A: “To cast women in unexpected roles. Conversely, to not only show moms as
caretakers and nurturers.”
“I do my best to make people think about the thing we're advertising in a new way, whether that means showing them a way our product can add something new and positive to their lives, or just causing them to stop and laugh at an interesting image or headline. I also feel a pretty heavy responsibility not to add to any of the toxic stereotypes or standards that we're all — but especially women — constantly bombarded with.”
“What an incredible responsibility we play as women in the biz. It's frustrating to see
the same narrative about the same woman over and over. And it's a true challenge
to bend that narrative into one that's more truthful of our experiences.
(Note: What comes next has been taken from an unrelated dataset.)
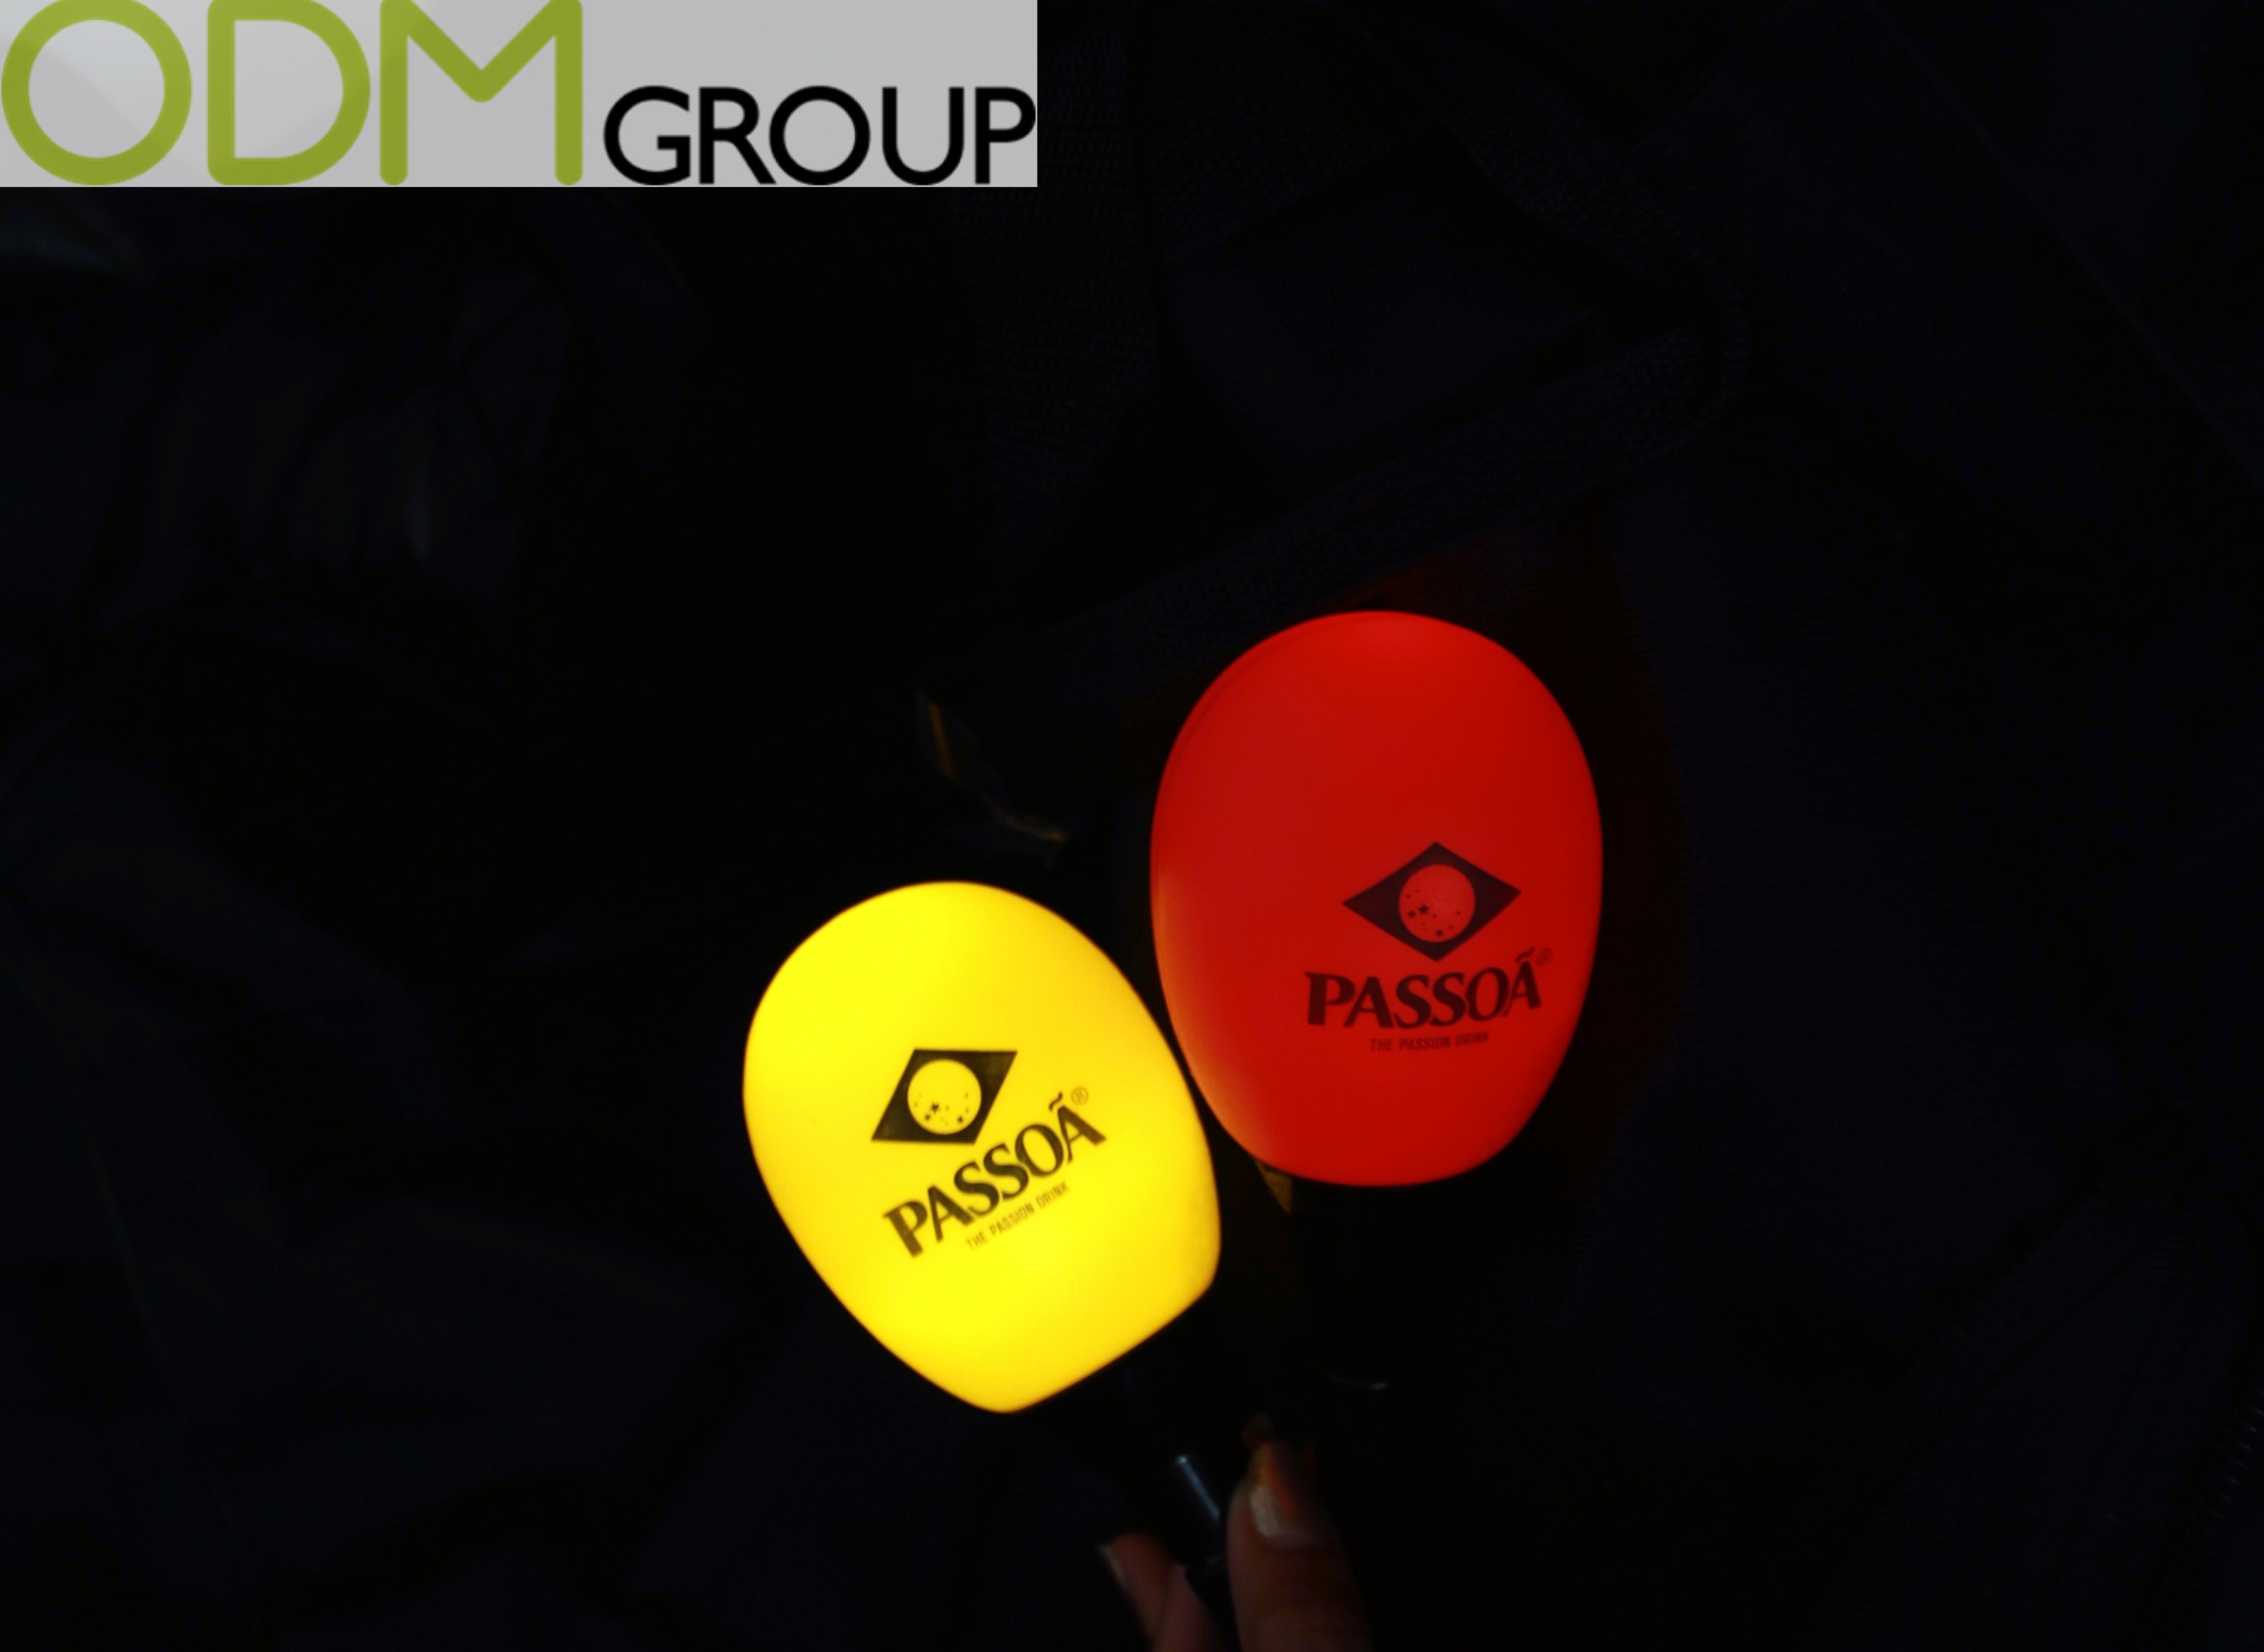 Promotional Idea for Party - Custom LED maracas by Passoa 

But it's a fight
worth fighting, and I think having women in leadership roles in advertising is greatly
improving this issue.”
Q: How are women portrayed in advertising? Do you predict this changing in the upcoming year?
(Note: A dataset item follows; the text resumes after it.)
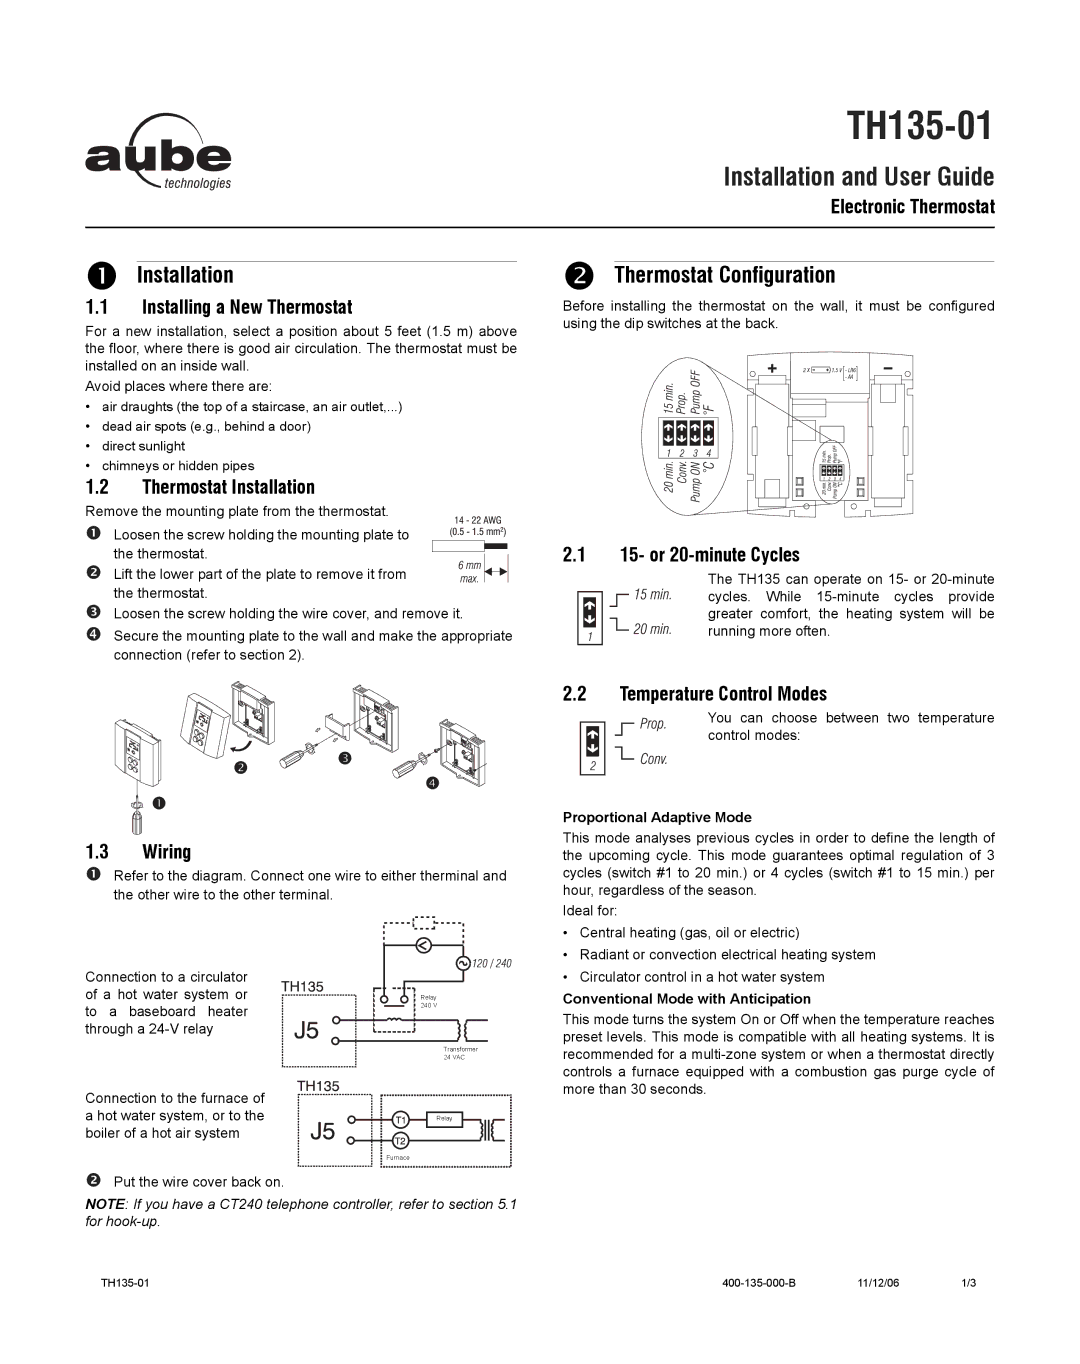 Aube Technologies TH135-01 manual Installation, Thermostat Configuration

A: “Over the past ten or twenty years, we've gone from a total proliferation of the same cookie-cutter image to the slow, incremental appearance of more diverse, ‘real’ images of women. As we've seen more and more brands jump on that bandwagon, I can't help but feel a little cynical. Pop feminism and ‘girl power’ have become just another sales tool... it's still so much about making women feel like they need things to be fully realized. It's just gone from, ‘Buy this product and you'll be beautiful’ to, ‘Buy this product and you'll be empowered.’”
“My wife and I have both been hyper-aware of the significant increase of interracial couples featured in ads, which is very exciting. For 2021, I'd love to see more of this, and a lot more queer women of all races, ages, body shapes, and ethnicities. I have seen lesbian couples here and there, but I haven't seen many lesbian parents.”
“I think there's still an absence of women who are 40+ in the advertising I see. Middle age isn't what it used to be and it would be great to see the modern, mature woman portrayed more in advertising that is not related to medications.”
“One thing I hope would change is the Instagram fad of everyone looking like a Kardashian. Influencers are such a huge part of advertising, and we know how harmful those unrealistic depictions of beauty can be.”
“For the most part women have been either hyper-sexualized or seen as arm-candy to sell a product. There are more conversations and actions happening in recent years to represent women in less hyper-sexualized roles. On the other hand, I do not have a problem with women being portrayed sexually. Especially in fashion and art. I think there has to be care in not being over-sexualized, where the woman then becomes an object of desire.”
Q: Do you feel satisfied with how you see women represented in advertising today?
A: “Satisfied would sound like there is not room for improvement. I think it’s much better than it was 10 years ago and hope it keeps evolving.”
“One thing that bothers me about the way Black women are represented in advertising today is that there is still a bias toward light-skinned Black women or women who look mixed race. Obviously this is an old issue, but it still persists and needs to change.”
“I think so… It is encouraging to see women of all shapes, sizes, ages, colors, and identities in ads these days… depicted as funny, strong, silly, beautiful, smart, and all of the ways you can be depicted. However, I do think we still need to come up with more ways to flip the script.”
“I don’t know if I’m satisfied with how women are represented in advertising yet. I think having more women in advertising and higher positions would change the outcome of some campaigns. There can’t be representation properly done without real women’s voices.”
Q: How does it feel to be a woman working in this industry?
A: “I’ve been fortunate to work in an environment where I haven’t felt treated differently for being a woman.”
“A lot of days I don't think about it too much, but it probably informs everything I do.”
“There’s always room for improvement. There's no better time to be a woman in history than today, and hopefully thirty years down the line, a woman will say the same thing. We should always be striving for better.”